» **Data provided**:
BEGIN
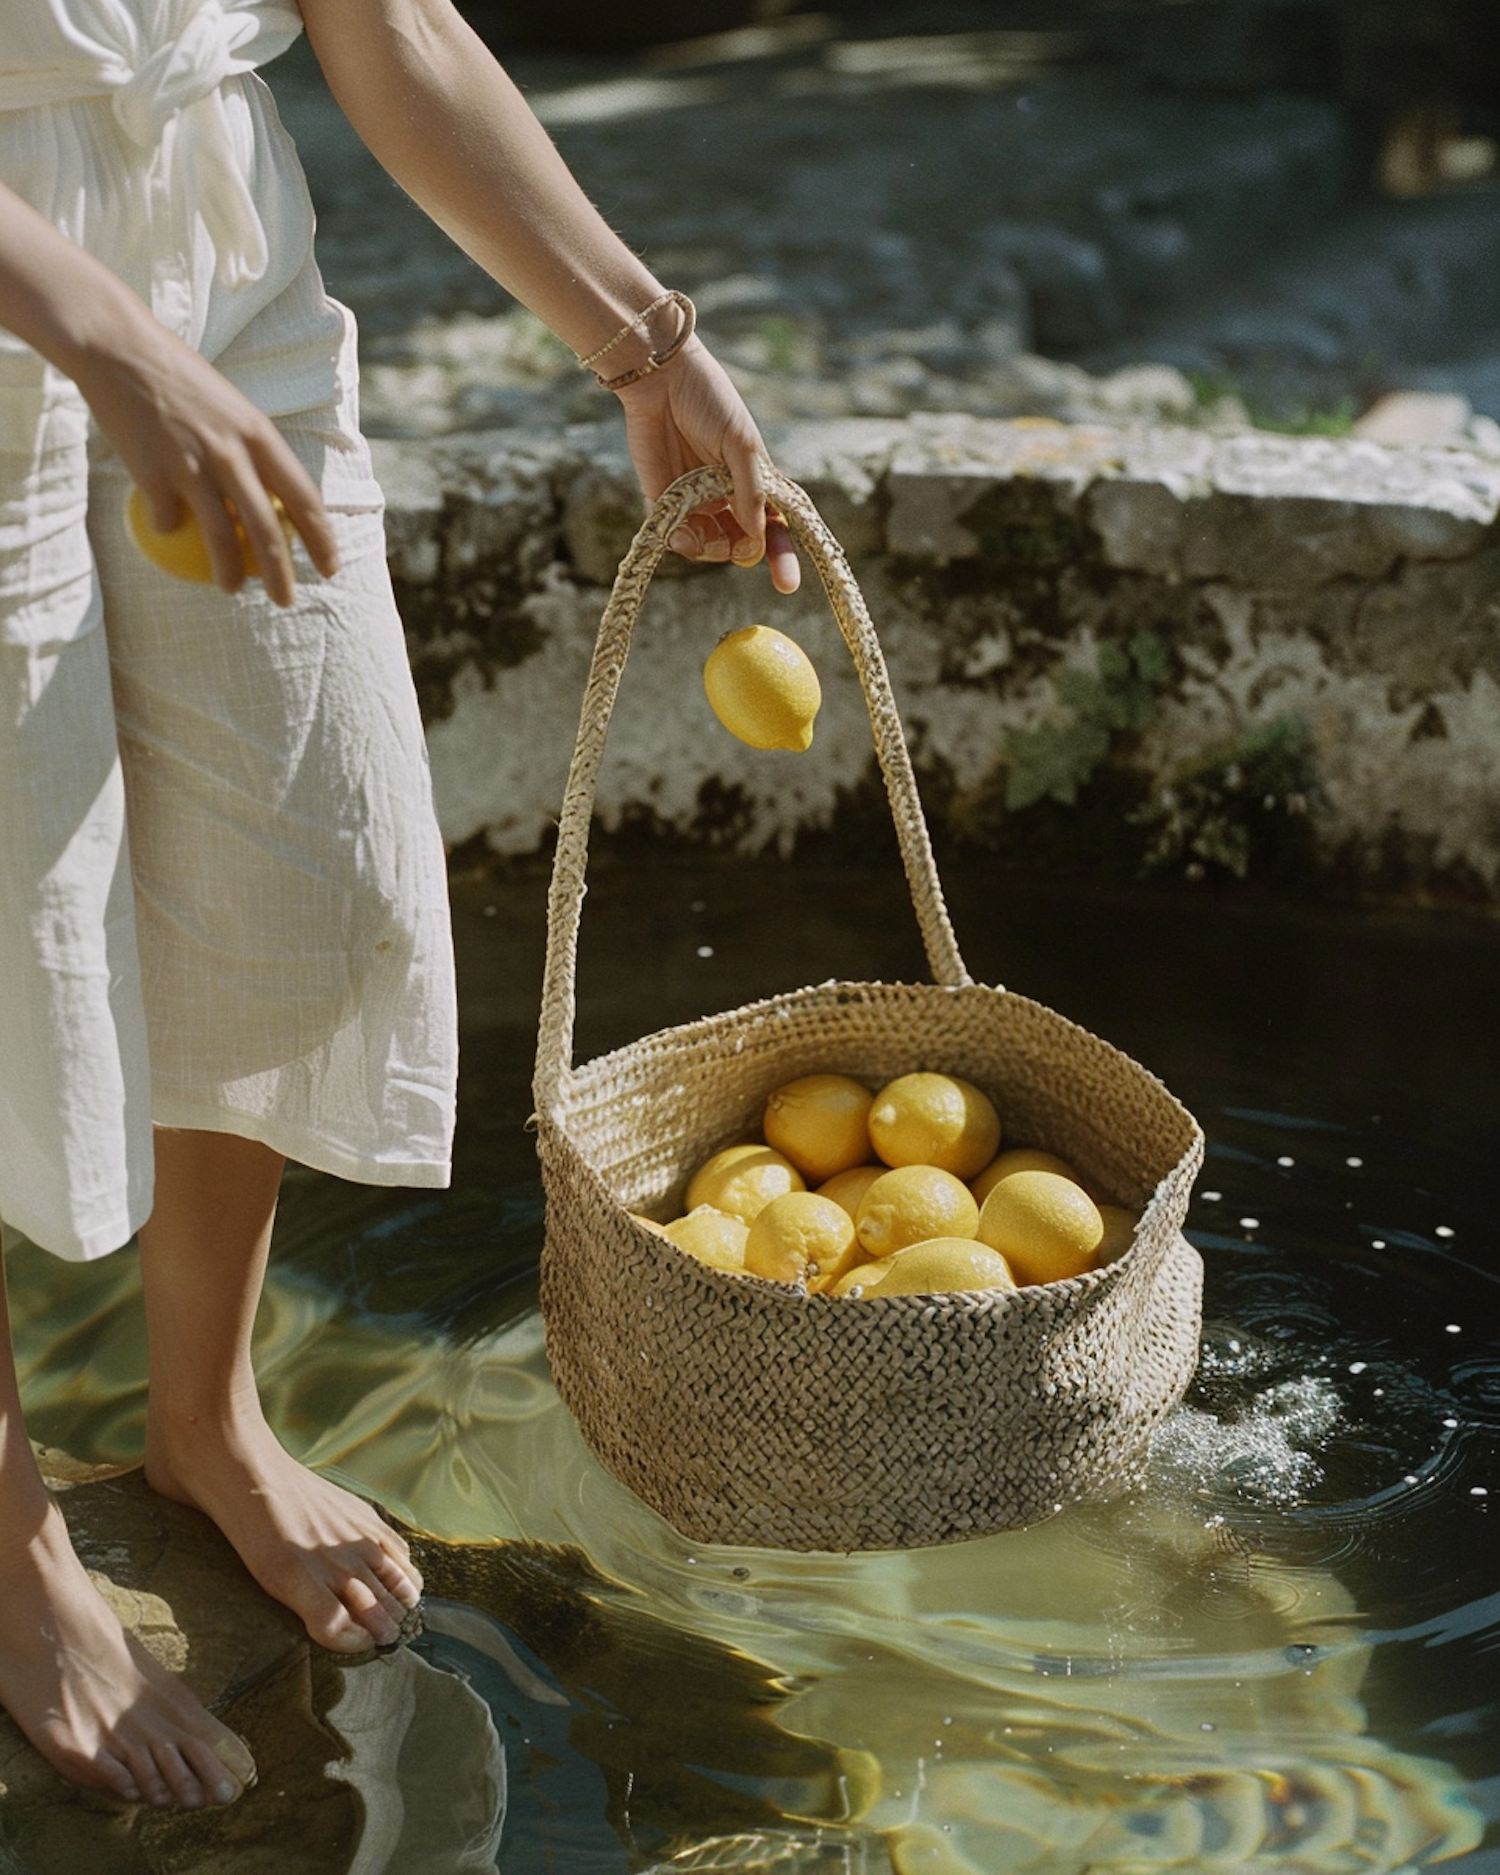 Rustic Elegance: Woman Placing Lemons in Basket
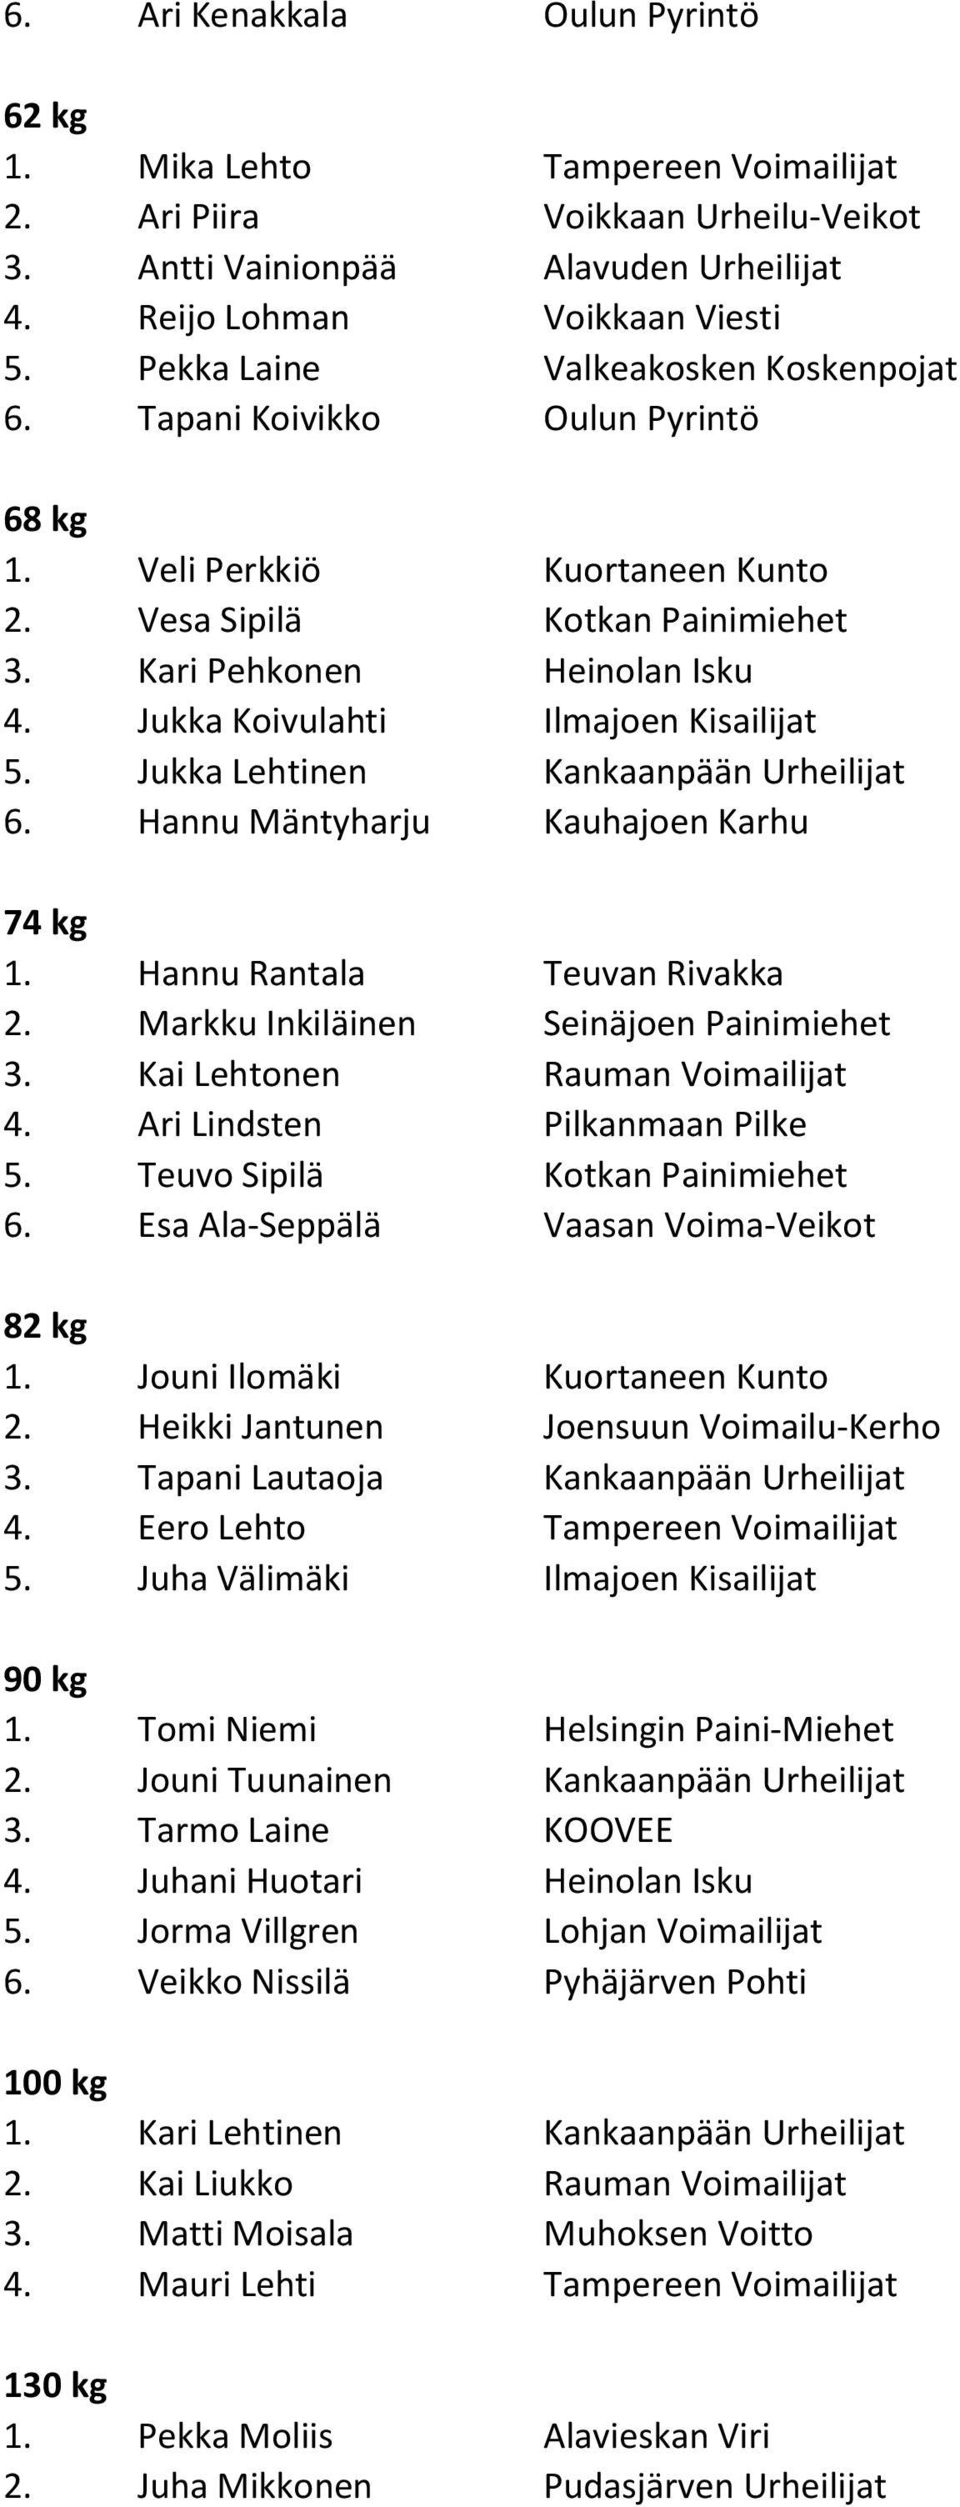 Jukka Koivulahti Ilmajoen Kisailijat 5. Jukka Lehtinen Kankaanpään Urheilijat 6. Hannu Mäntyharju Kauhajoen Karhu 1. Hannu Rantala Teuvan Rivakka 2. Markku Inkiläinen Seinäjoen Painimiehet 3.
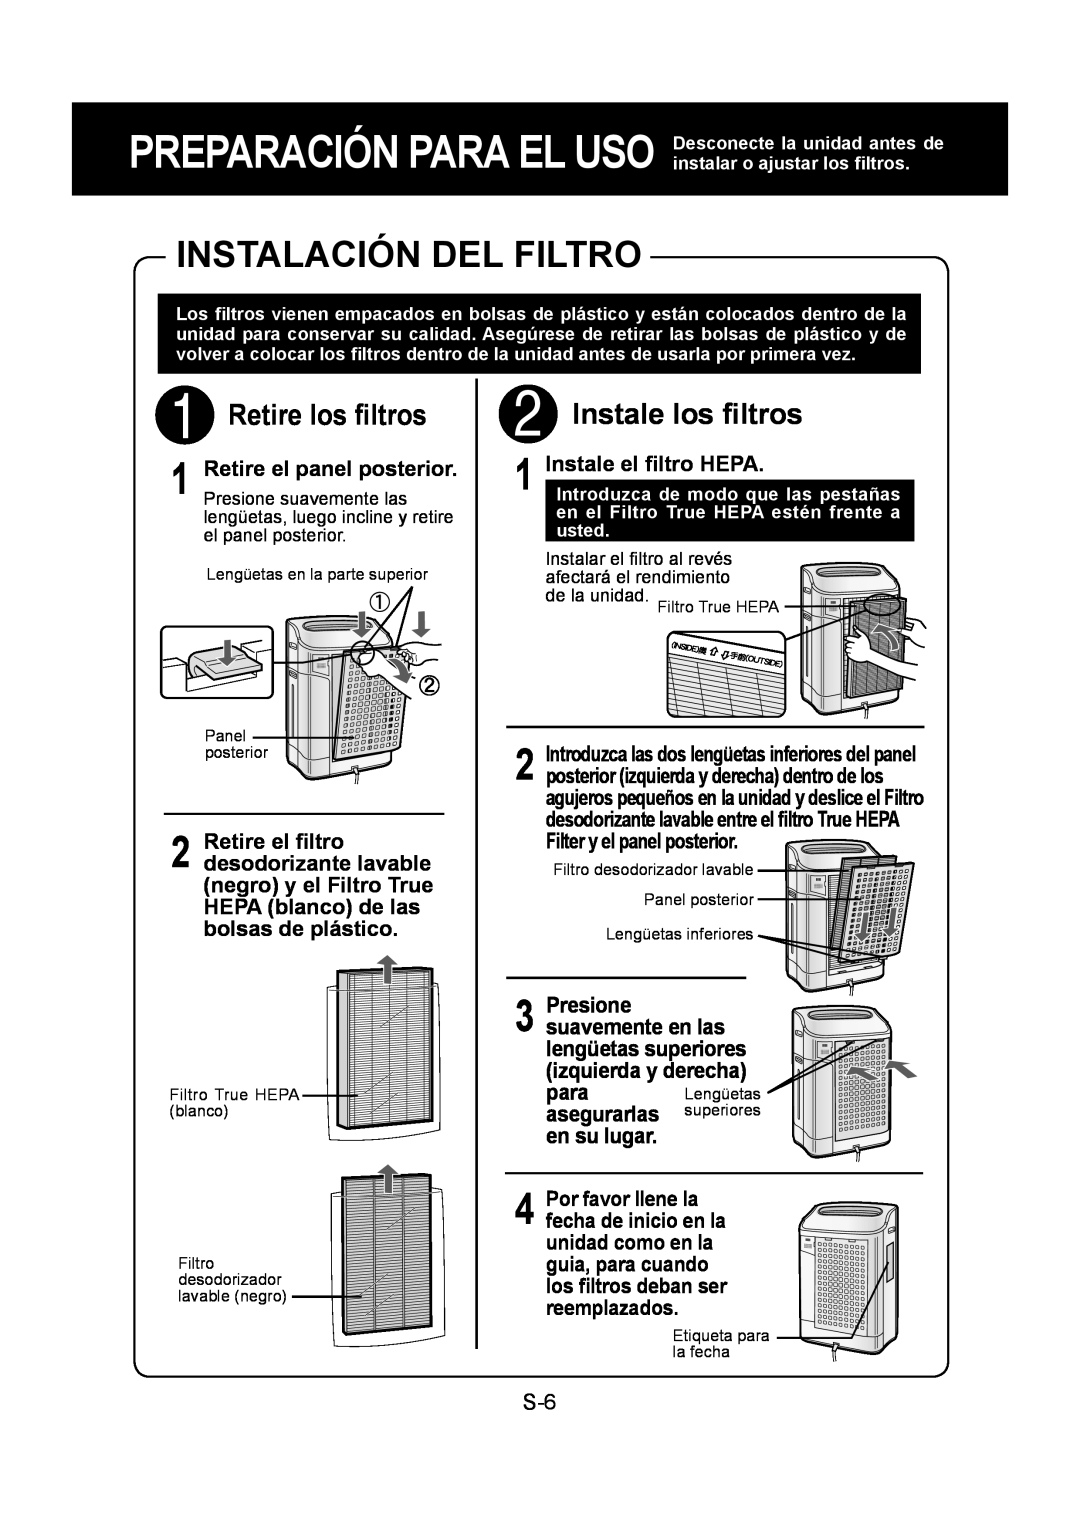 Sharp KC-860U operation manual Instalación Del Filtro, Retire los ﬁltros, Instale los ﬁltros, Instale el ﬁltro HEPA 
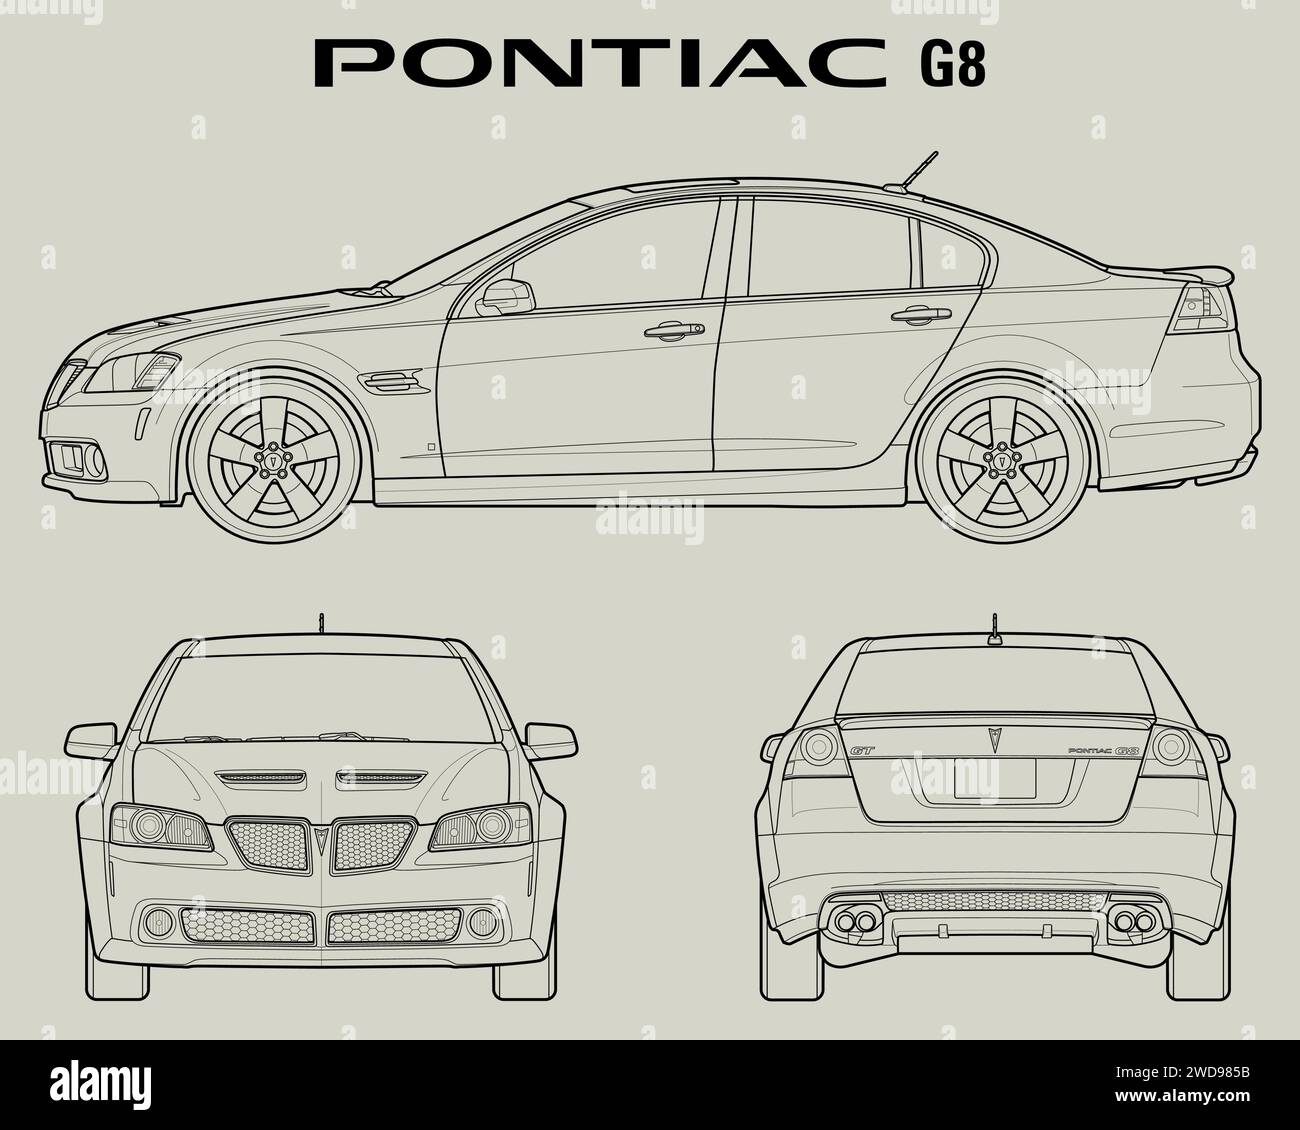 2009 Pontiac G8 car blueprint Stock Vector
END
» **Task description**:
Your answer should consist solely of the lines from the one holding "Sharp KC-860U operation" through the end of the listing, reproduced exactly and without pictures.

» **Solution**:
 Sharp KC-860U operation manual Instalación Del Filtro, Retire los ﬁltros, Instale los ﬁltros, Instale el ﬁltro HEPA 
 2009 Pontiac G8 car blueprint Stock Vector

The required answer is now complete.